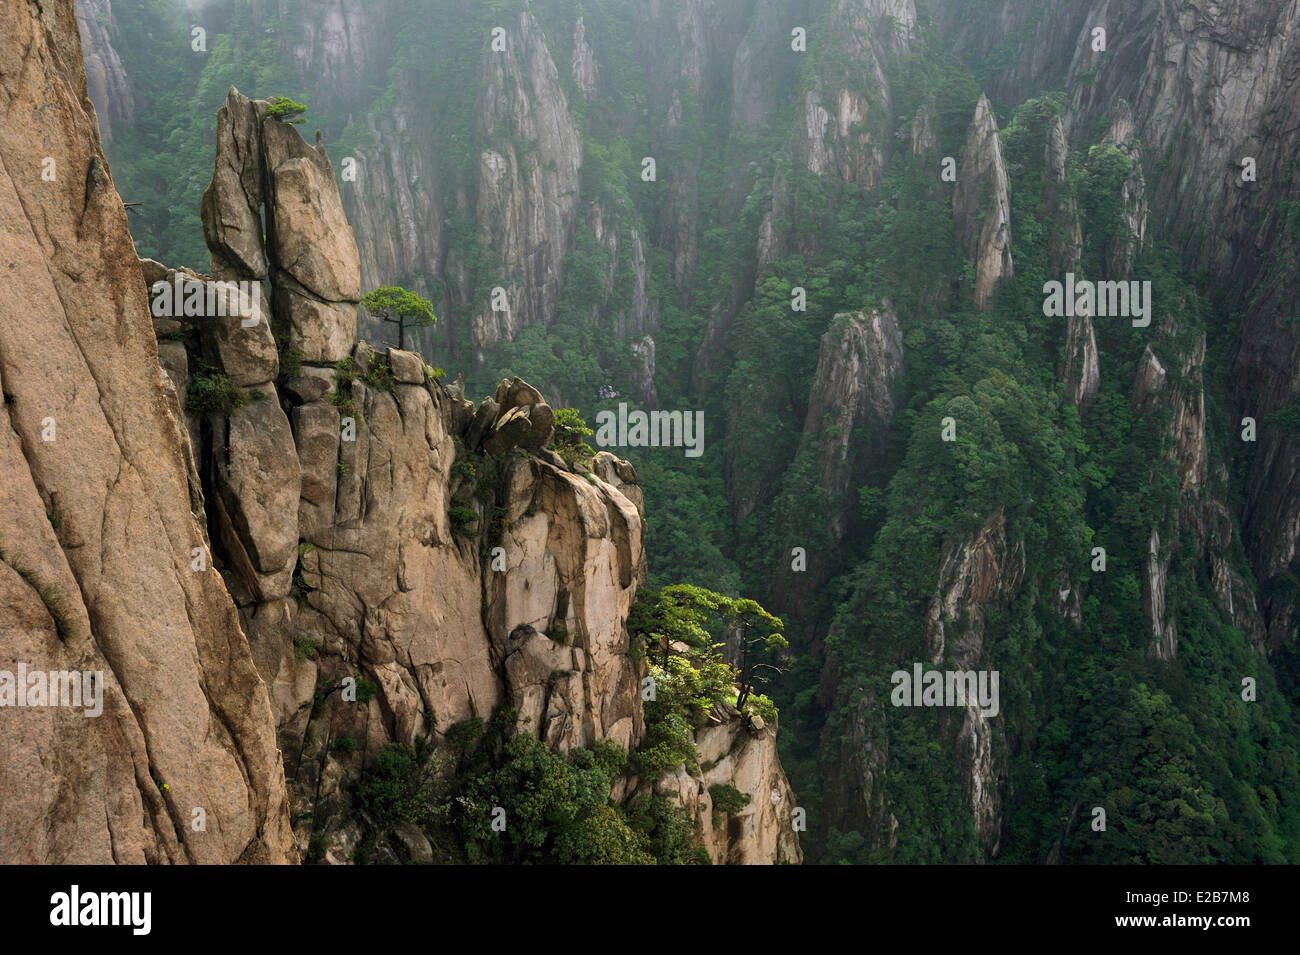 China, Anhui province, Huangshan mountain (Yellow mountains), listed as World Heritage by UNESCO Stock Photo
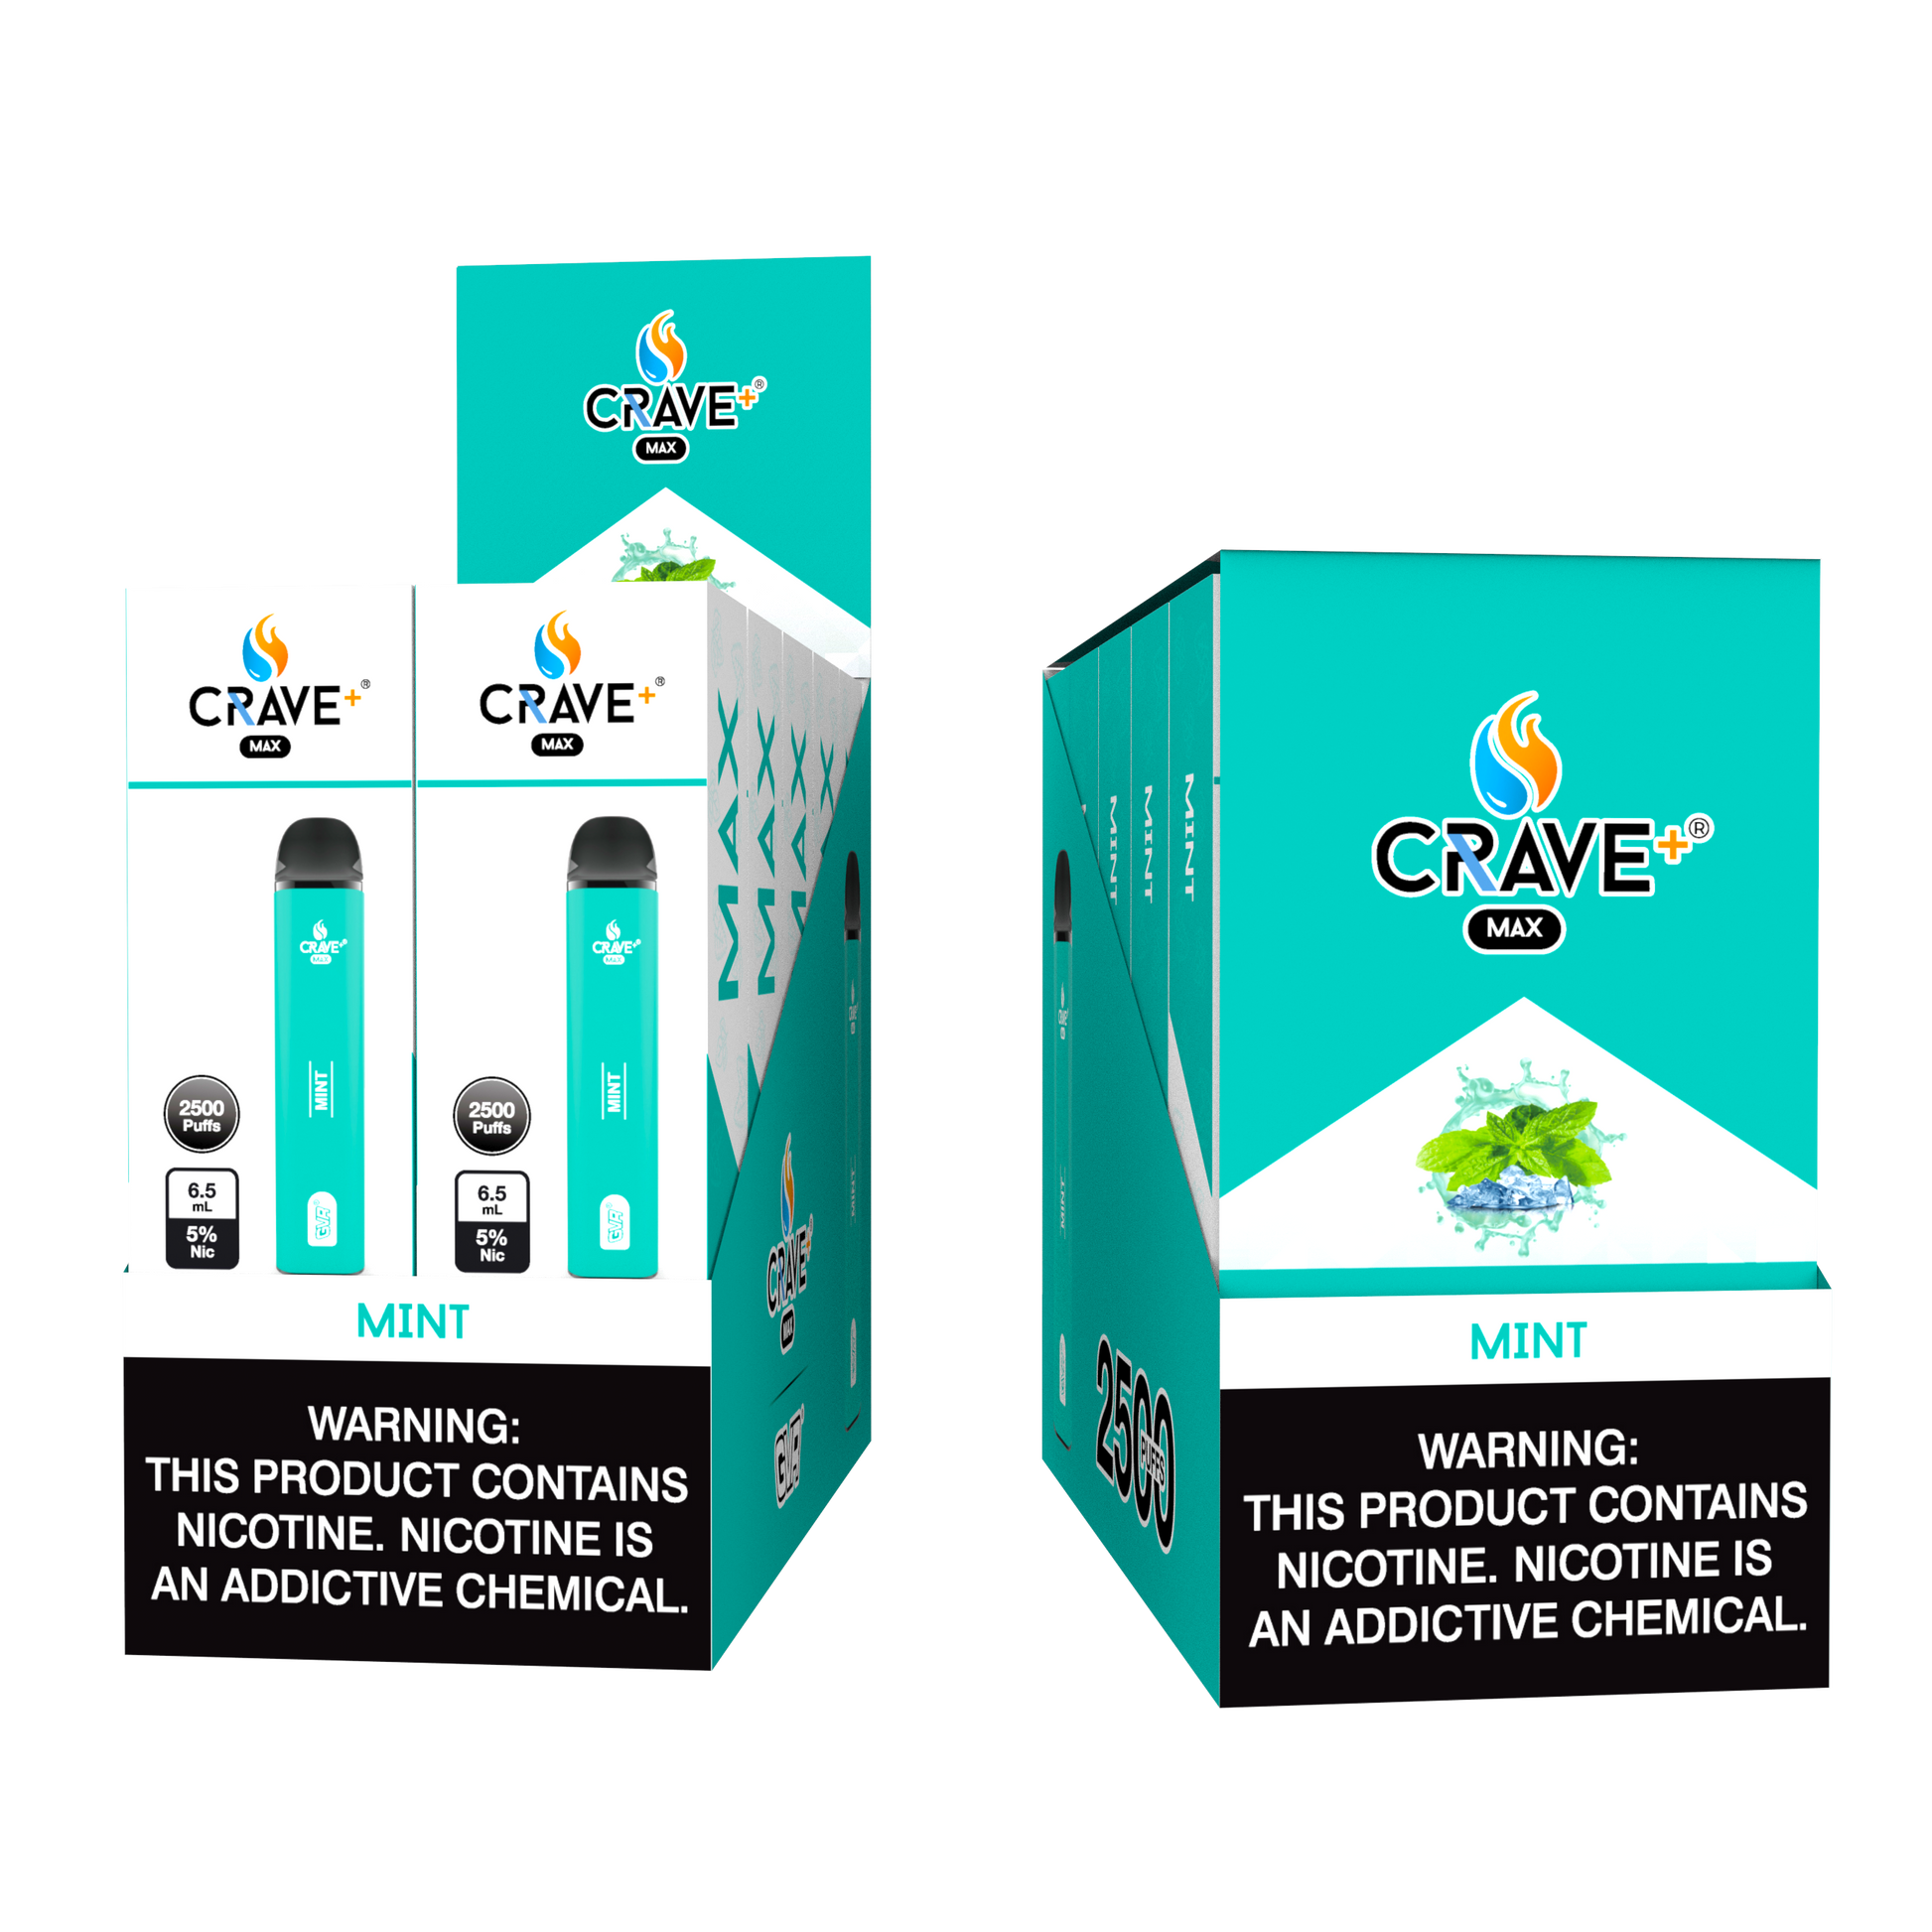 crave max, crave vape, buy crave max, crave max for sale, crave max flavors, crave flavors vape, buy crave vape online, crave max gvr, crave 2500 puffs, crave clear, crave max clear, crave clear 3%, crave clear 5%, crave max 3%, crave max 5%, crave 3%, crave 5%, crave vape clear, vape clear flavor, crave flavor clear, crave max mint, crave mint, crave max mint flavor, crave mint flavor, crave max disposable 2500 puffs, crave max bulk, crave disposable bulk, crave max mint, crave max disposable
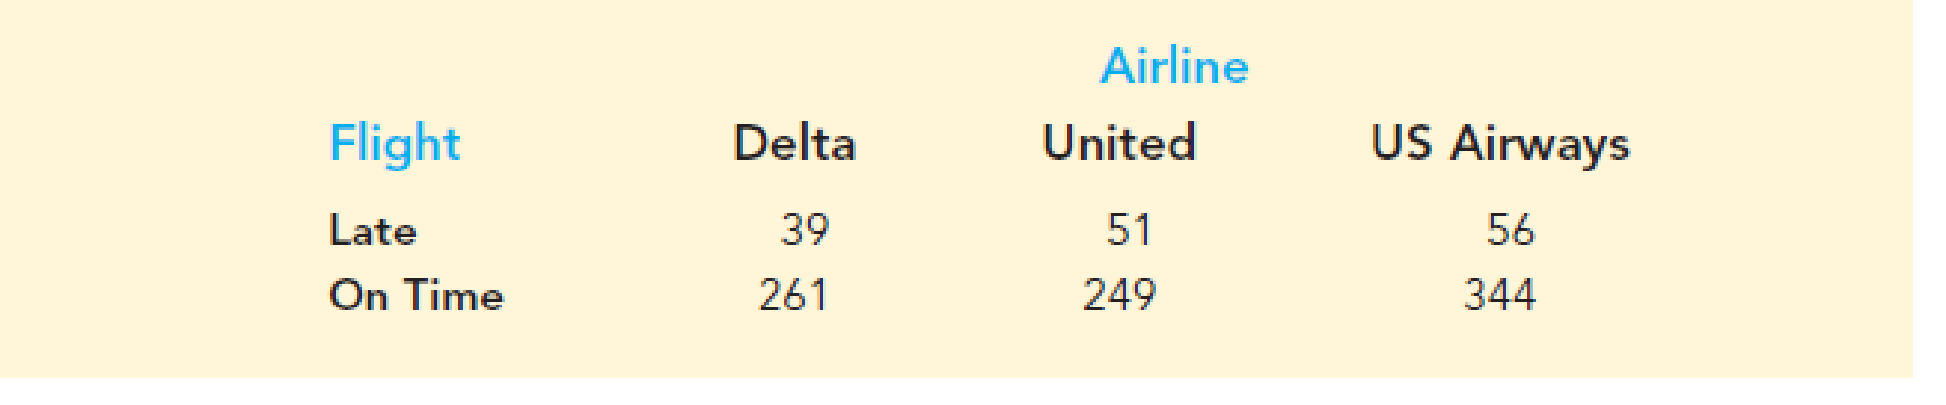 Chapter 12.1, Problem 3E, Late Flight Comparison Across Airlines. The sample data below represent the number of late and on

+-------+

_What the task asks_
Pictures aside, print every line of the material exactly.

_Written answer_
 China, Anhui province, Huangshan mountain (Yellow mountains), listed as World Heritage by UNESCO Stock Photo
 crave max, crave vape, buy crave max, crave max for sale, crave max flavors, crave flavors vape, buy crave vape online, crave max gvr, crave 2500 puffs, crave clear, crave max clear, crave clear 3%, crave clear 5%, crave max 3%, crave max 5%, crave 3%, crave 5%, crave vape clear, vape clear flavor, crave flavor clear, crave max mint, crave mint, crave max mint flavor, crave mint flavor, crave max disposable 2500 puffs, crave max bulk, crave disposable bulk, crave max mint, crave max disposable
 Chapter 12.1, Problem 3E, Late Flight Comparison Across Airlines. The sample data below represent the number of late and on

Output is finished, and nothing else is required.